### WHAT THE TASK REQUIRES:
Skip the pictures. Output only the lines below starting at the line with "hatpics domain names" and ending at the line with "Государственная инспекция по", both ends included, exactly as they are.

### DATASET:
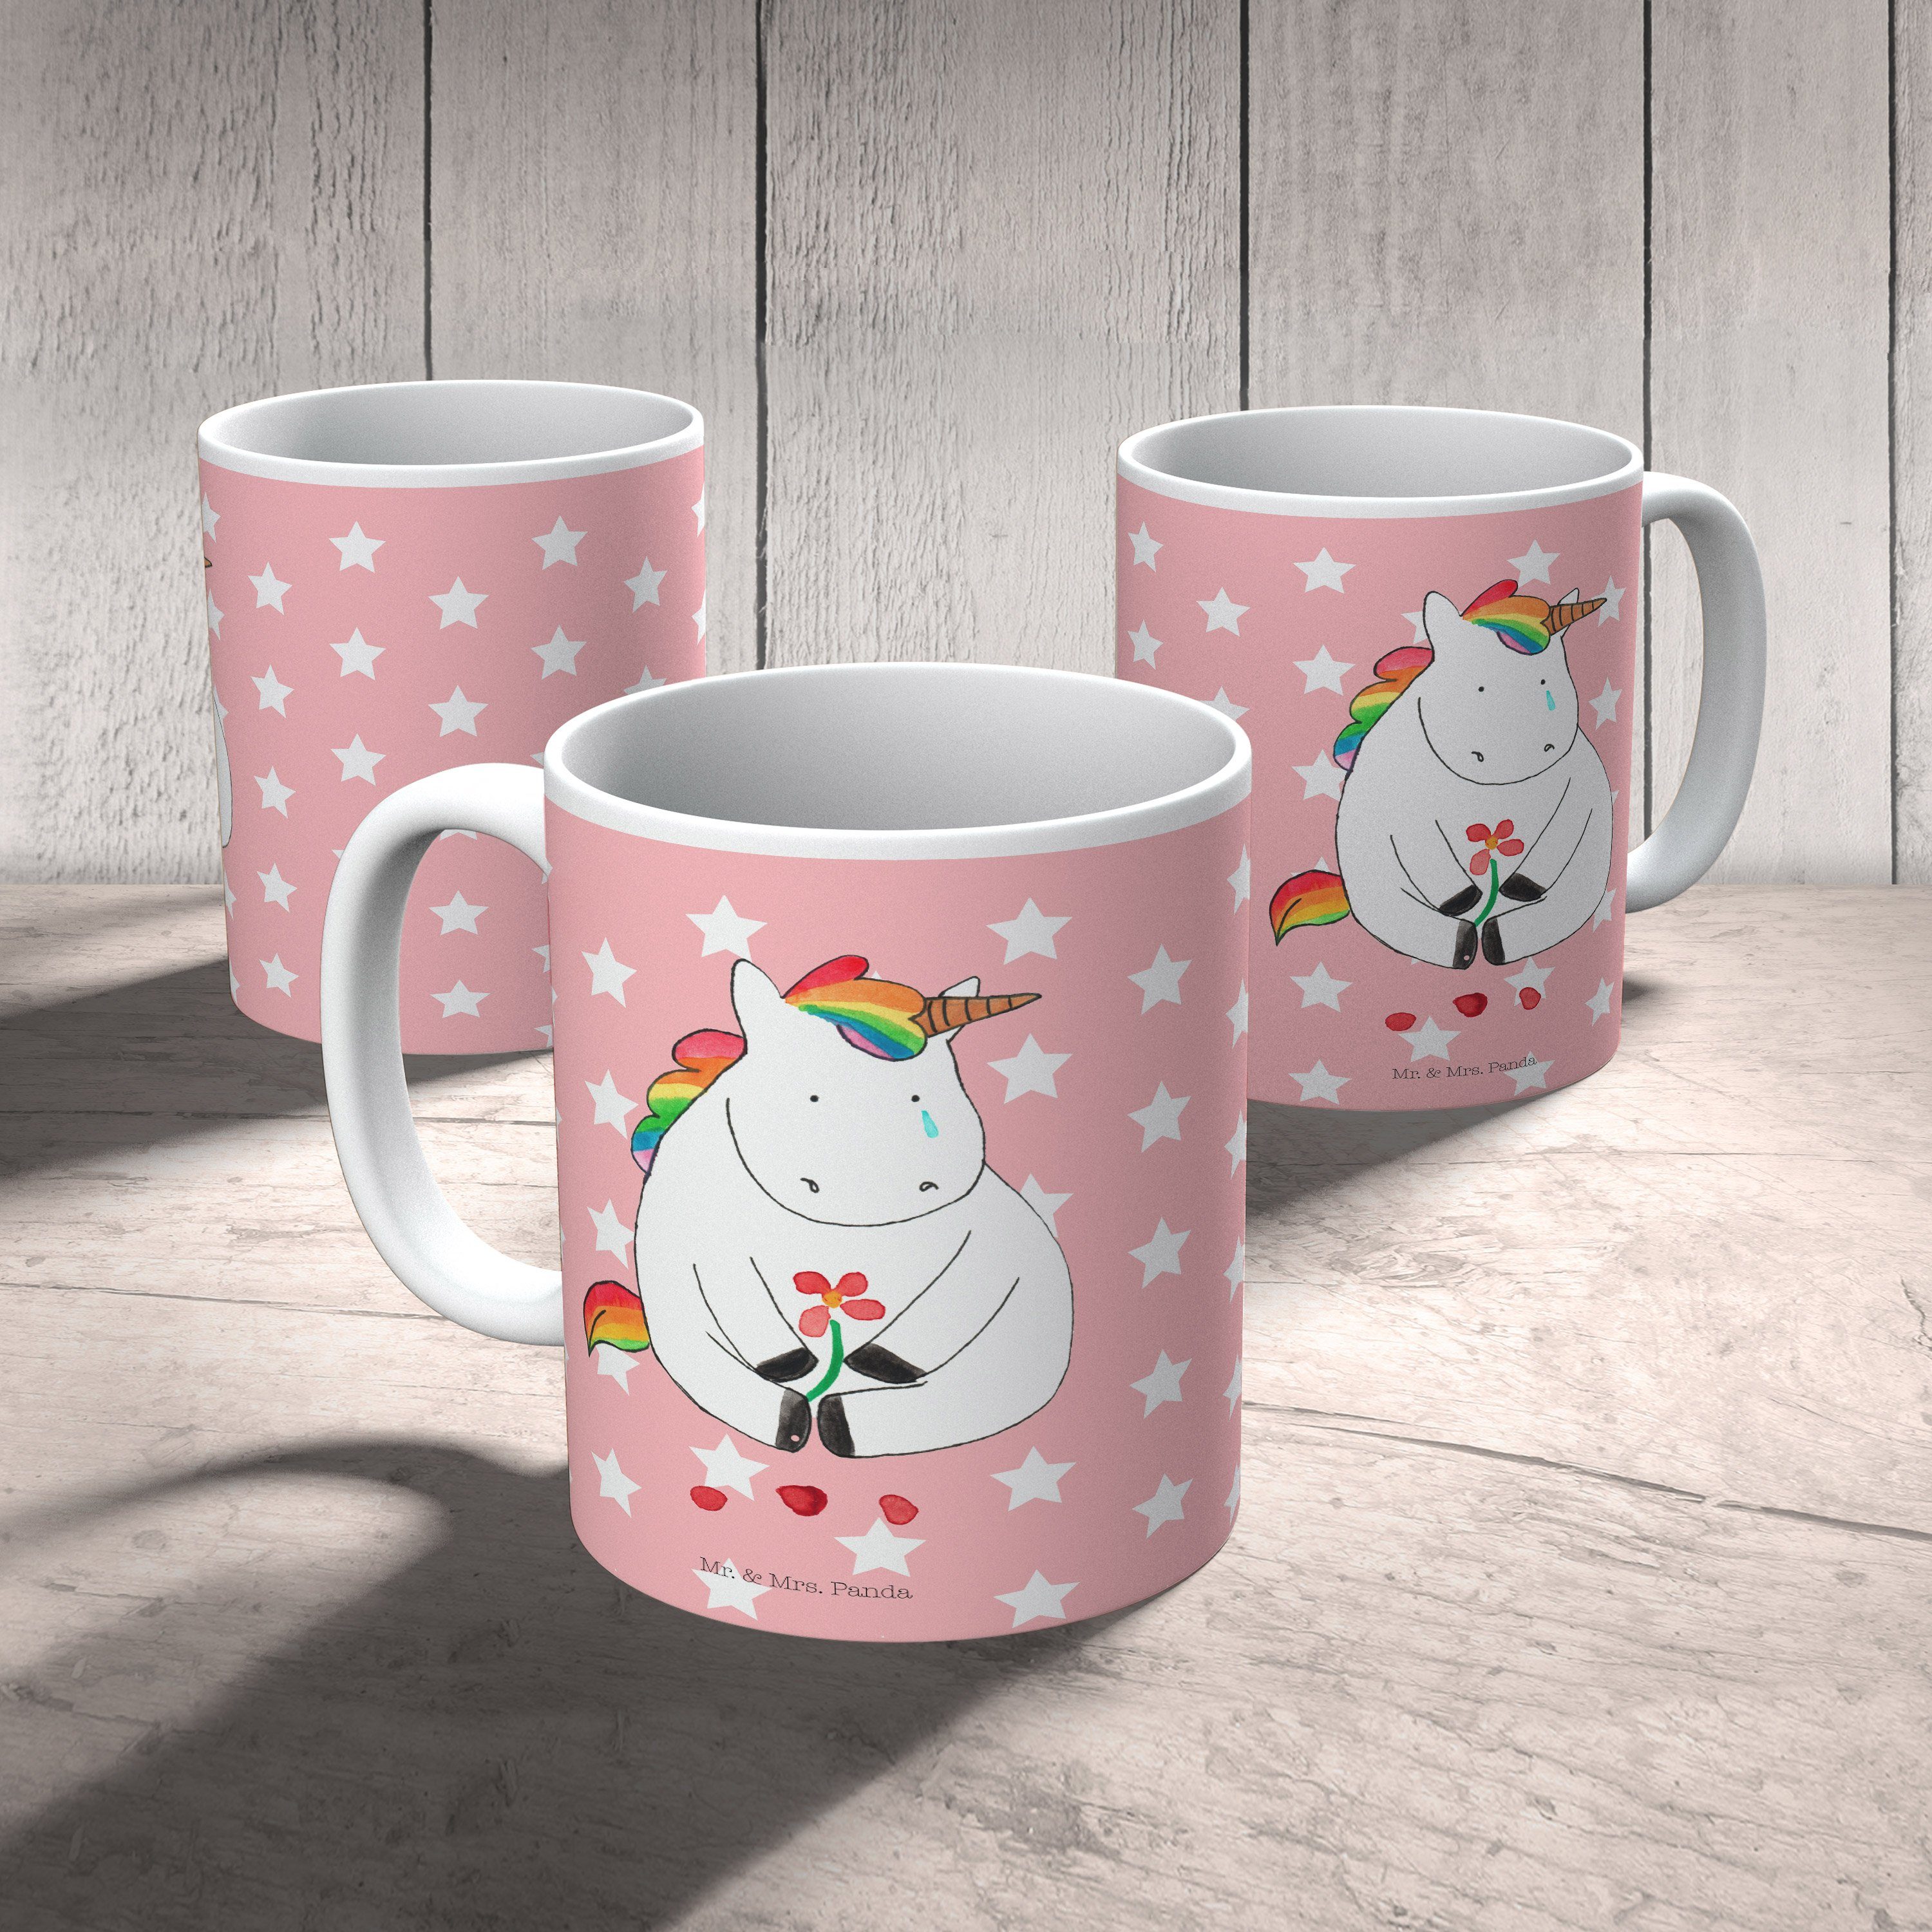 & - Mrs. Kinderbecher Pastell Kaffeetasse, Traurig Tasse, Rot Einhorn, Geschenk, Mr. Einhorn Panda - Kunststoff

* * *

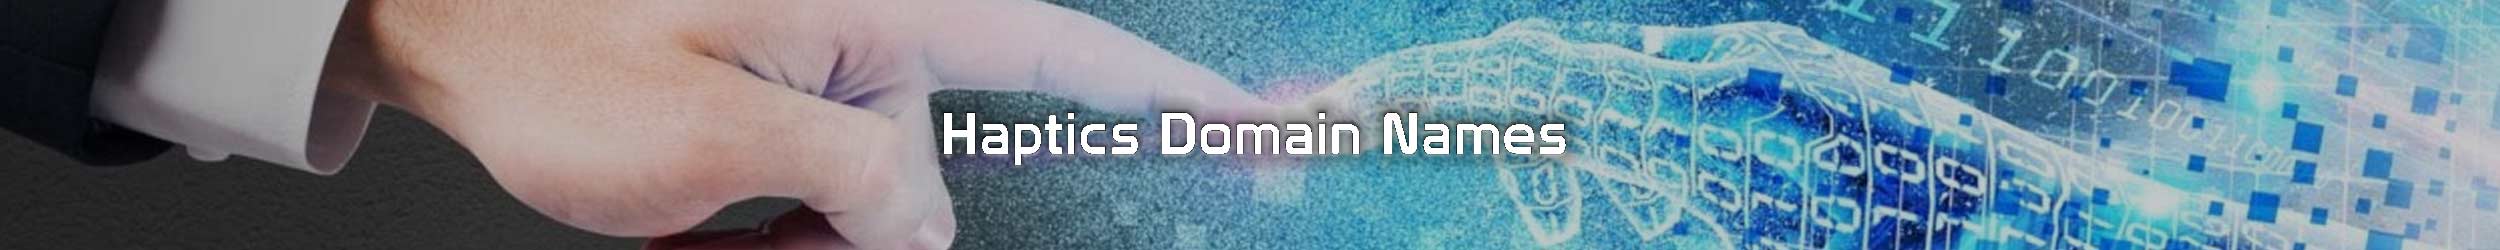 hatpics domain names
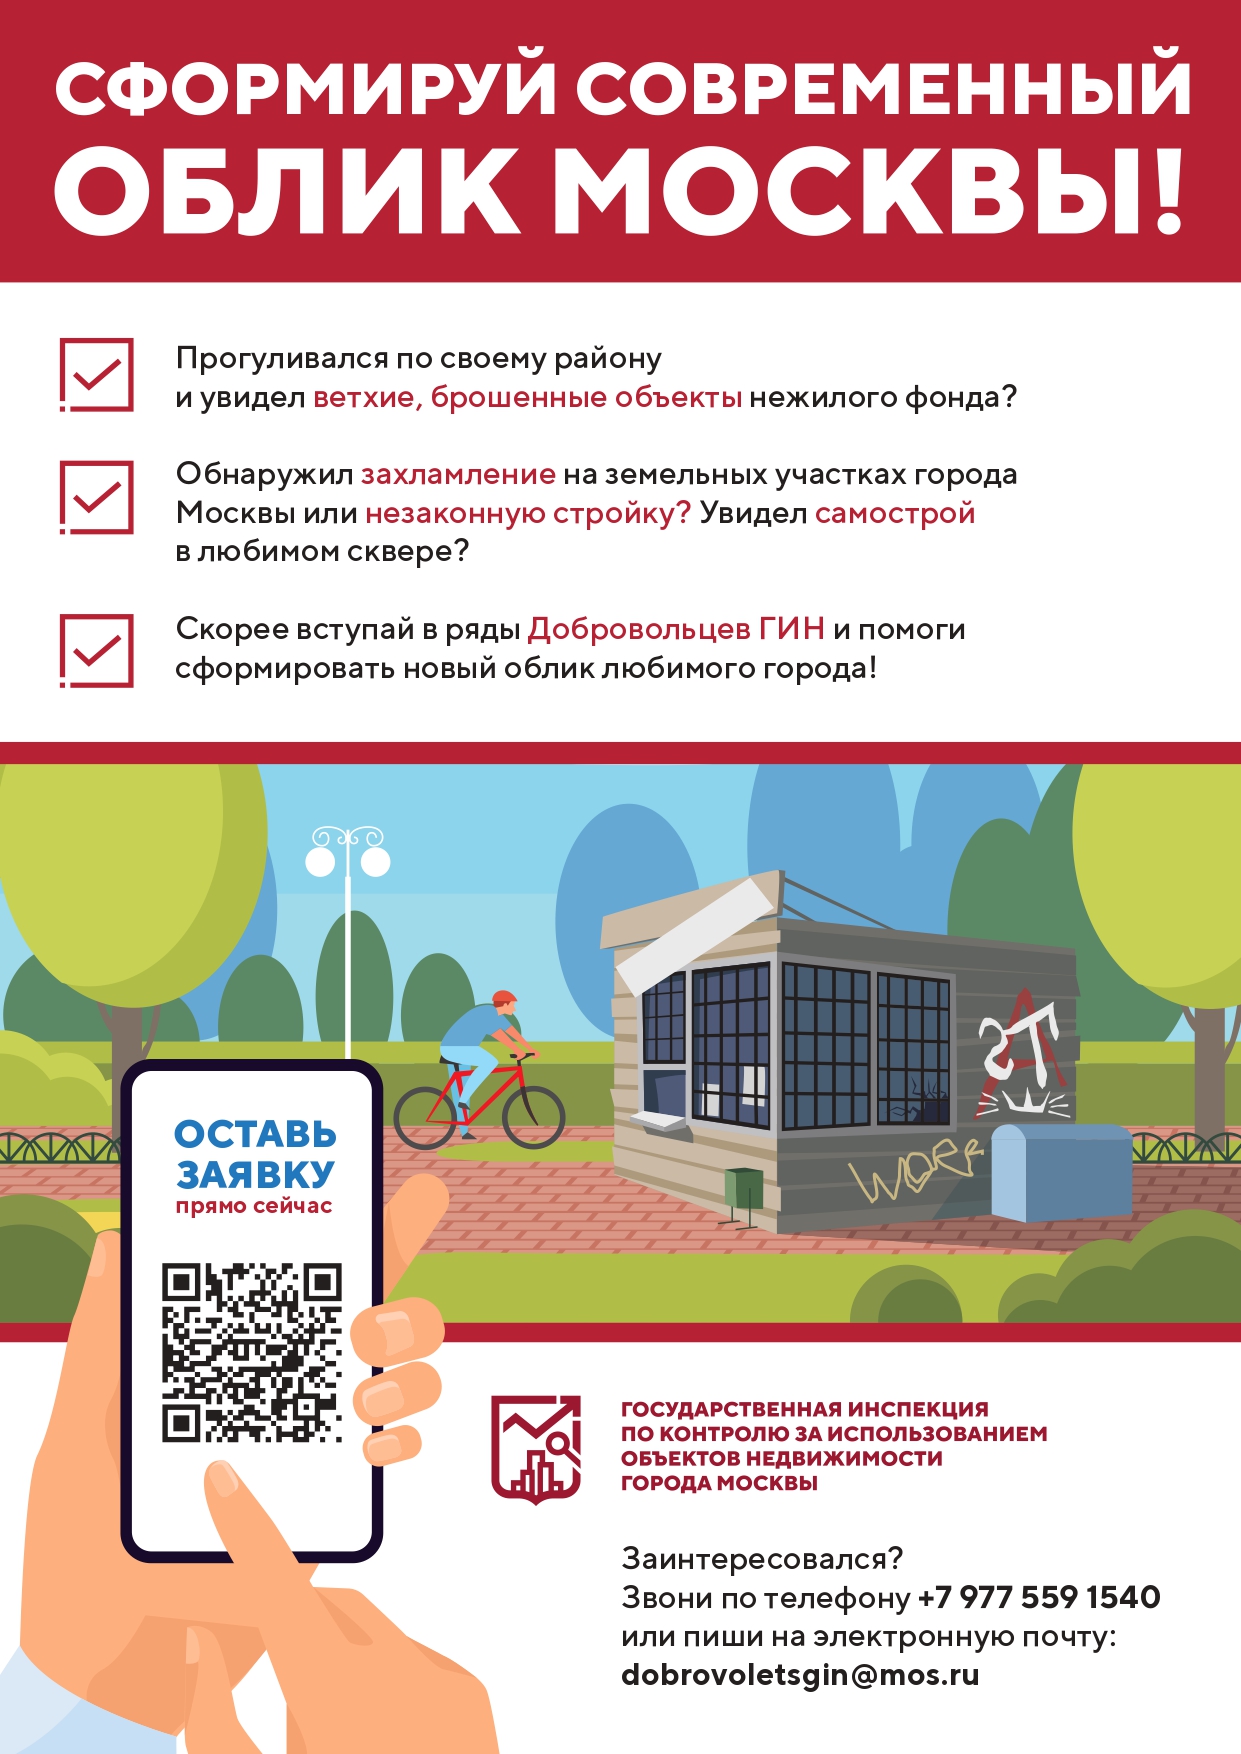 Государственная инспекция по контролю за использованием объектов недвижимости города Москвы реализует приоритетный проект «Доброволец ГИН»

==

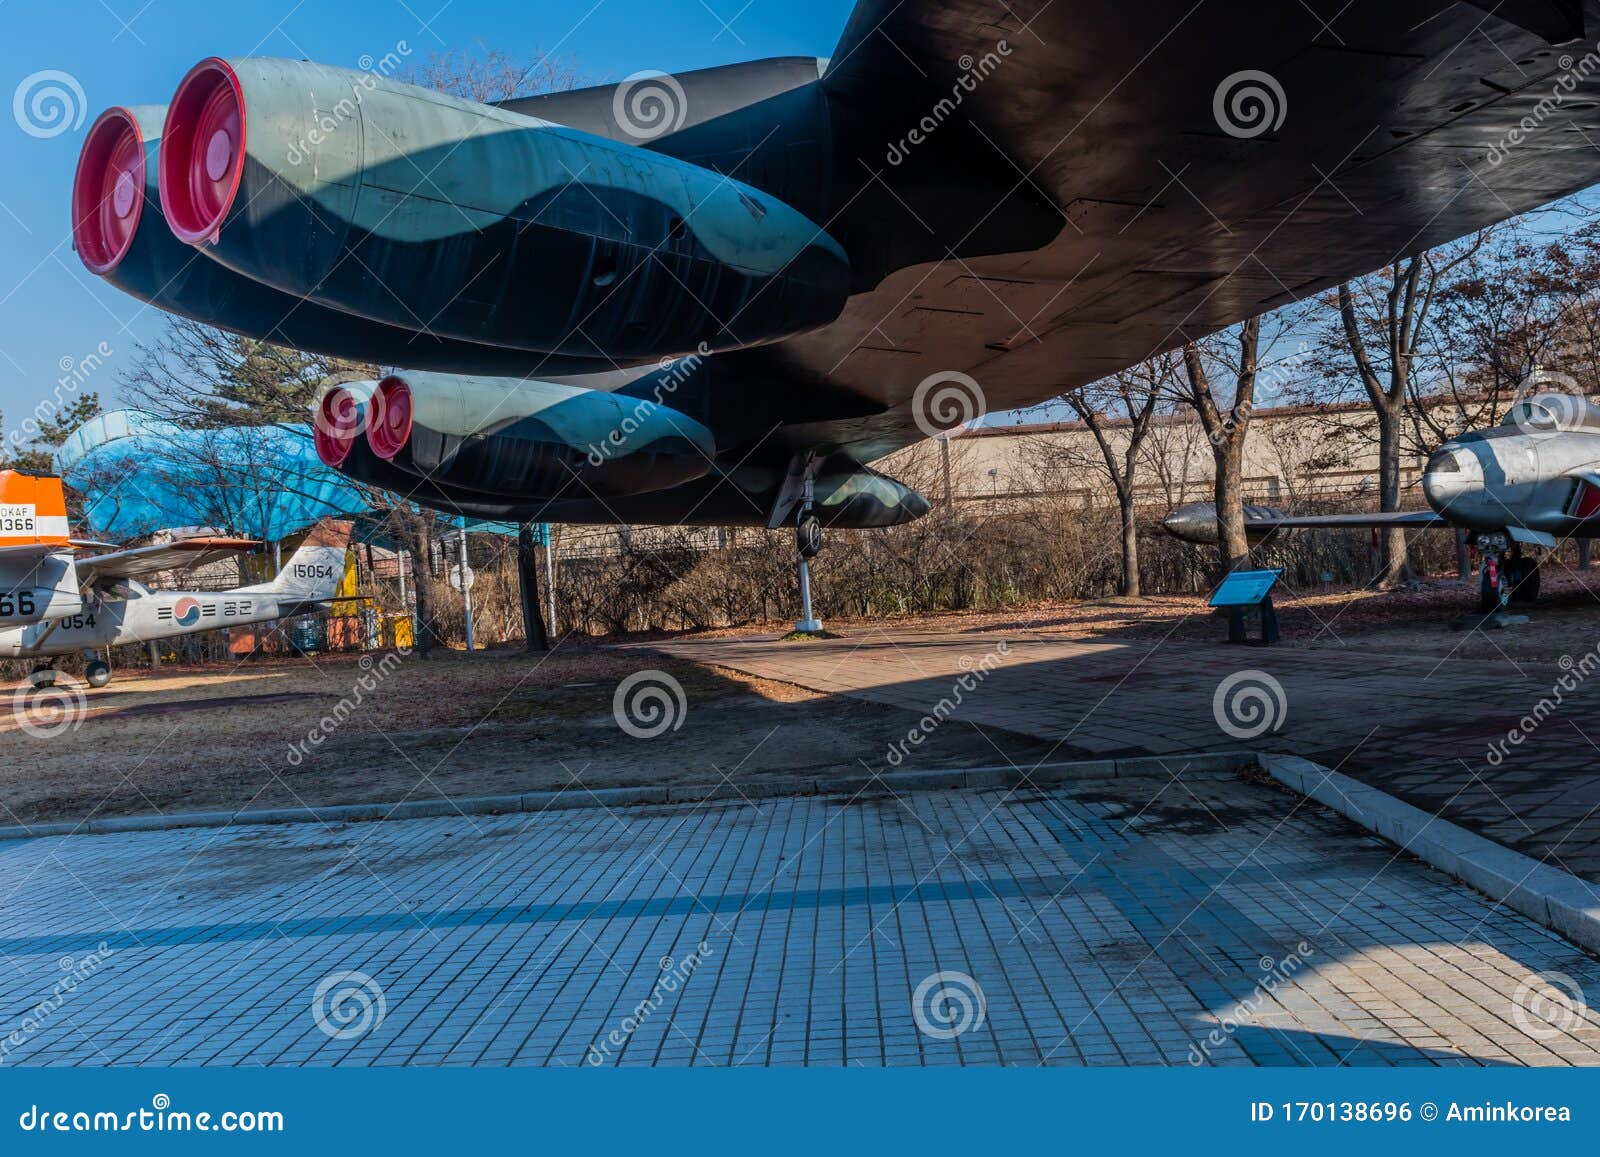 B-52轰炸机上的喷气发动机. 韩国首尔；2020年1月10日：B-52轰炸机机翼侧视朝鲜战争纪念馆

### EXERCISE RESPONSE:
 hatpics domain names
 Государственная инспекция по контролю за использованием объектов недвижимости города Москвы реализует приоритетный проект «Доброволец ГИН»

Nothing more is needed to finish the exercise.